These problems aside, the main difficulty with these mitigation measures, be they listed by the UNFCCC, or suggested by IRENA or others, is that they make no, or little, mention of reduced energy consumption (or, indeed, any form of consumption/growth reduction). This will wipe out all and any gains via the Jevons Paradox (see Section 9.5).

2. Adaptation

The IPCC defines adaptation as7: “Adaptation plays a key role in reducing exposure and vulnerability to climate change. Adaptation in ecological systems includes autonomous adjustments through ecological and evolutionary processes. In human systems, adaptation can be anticipatory or reactive, as well as incremental and/ or transformational. The latter changes the fundamental attributes of a social-ecological system in anticipation of climate change and its impacts.” (Wk. Grp. II)

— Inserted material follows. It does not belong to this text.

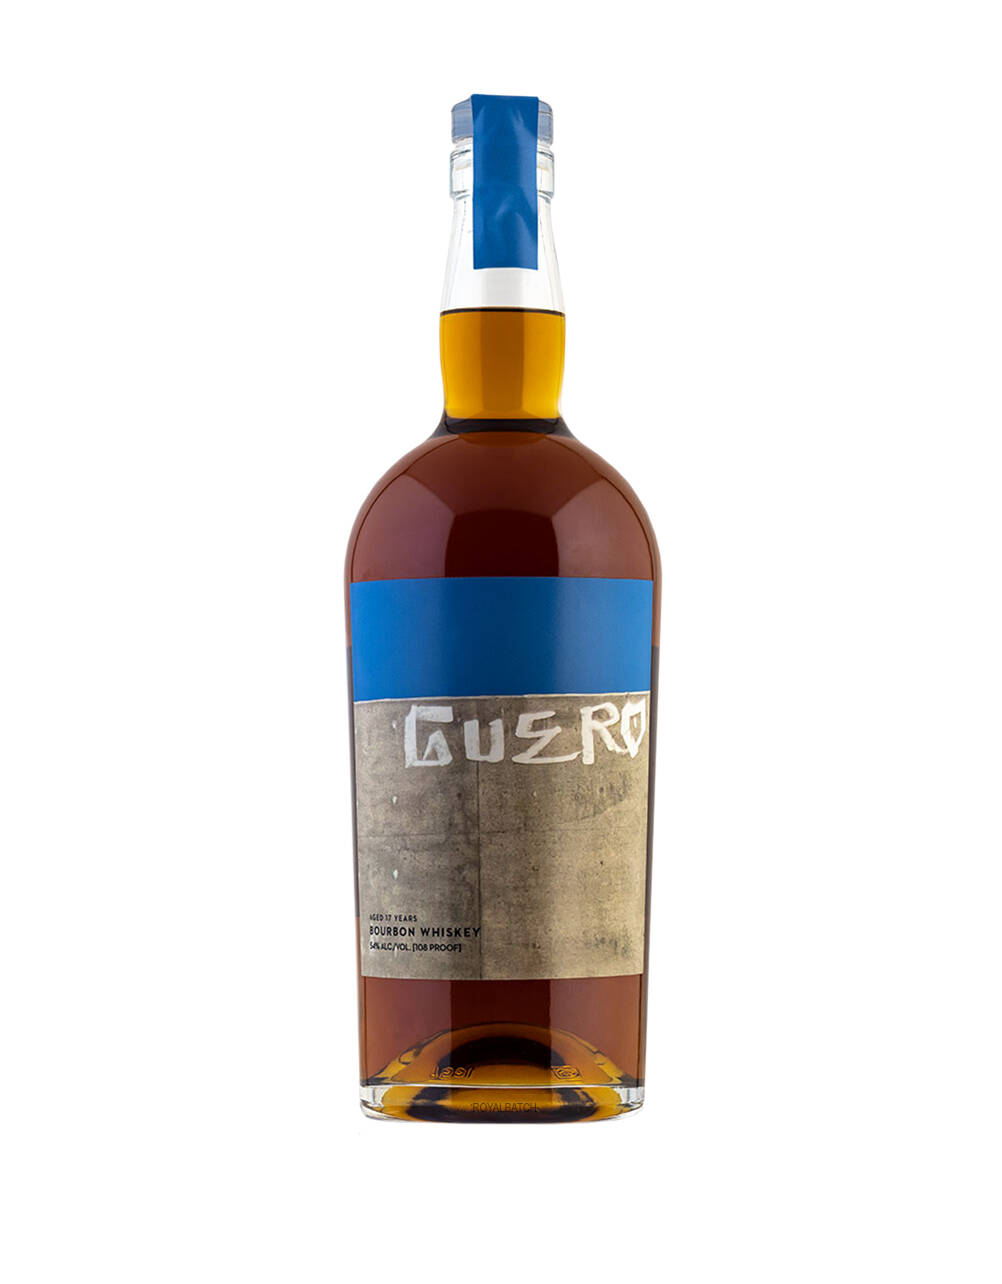 Guero Reserve 17 year Old Bourbon Whiskey

Adaptation tends to get little attention relative to mitigation, perhaps because it is misunderstood as accommodating of, or accepting of, climate change. This is true only so far as it acknowledges that climate change is happening now, and will continue to happen in future, no matter what happens, but not true in that it is passive and accommodating of this reality; it seeks to address it and reduce exposure and vulnerability through – hopefully – transformative actions that will, in turn, reduce future climate change, as well as the damage that it causes.

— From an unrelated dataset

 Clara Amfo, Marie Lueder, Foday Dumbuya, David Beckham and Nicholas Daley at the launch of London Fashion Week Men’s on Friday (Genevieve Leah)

Adaptation is necessary because we know that we have raised global temperature by over one degree Celsius since 17503 and the greenhouse gases we have accumulated in the atmosphere are persistent and will affect future climate for quite some time, even if we cease all emissions tomorrow. Estimates vary, but CO2 can persist for anything from 20-200 years before being absorbed by the ocean, or even thousands of years if ocean absorption does not occur8. NO2 lasts in the atmosphere around 100 years, and Methane a decade or two.

As these gases accumulate in the atmosphere, temperature rises and risks, not surprisingly, increase. The IPCC has attempted to represent this relationship in the following figure9:

(IPCC. 2022. Global risks for increasing levels of global warming).

 

I have copied the components of the figure that concentrate upon ecosystems, and it is concerning to see that already – at 1 degree + levels of warming – that ‘Warm water corals’ and ‘Unique and threatened systems’ are in the red and purple zones of ‘High’ and ‘Very High’ Risk/impact. The degree to which further rises occur and how quickly, will depend on the various scenarios outlined in the graph at top left of the figure, where light blue is the most ambitious reduction scenario, and brown the least. Almost all ecosystem components, e.g. ‘Structure change’, or types, e.g. ‘Kelp forests’, begin to be exposed to high levels of risk/impact between one and two degrees temperature rise.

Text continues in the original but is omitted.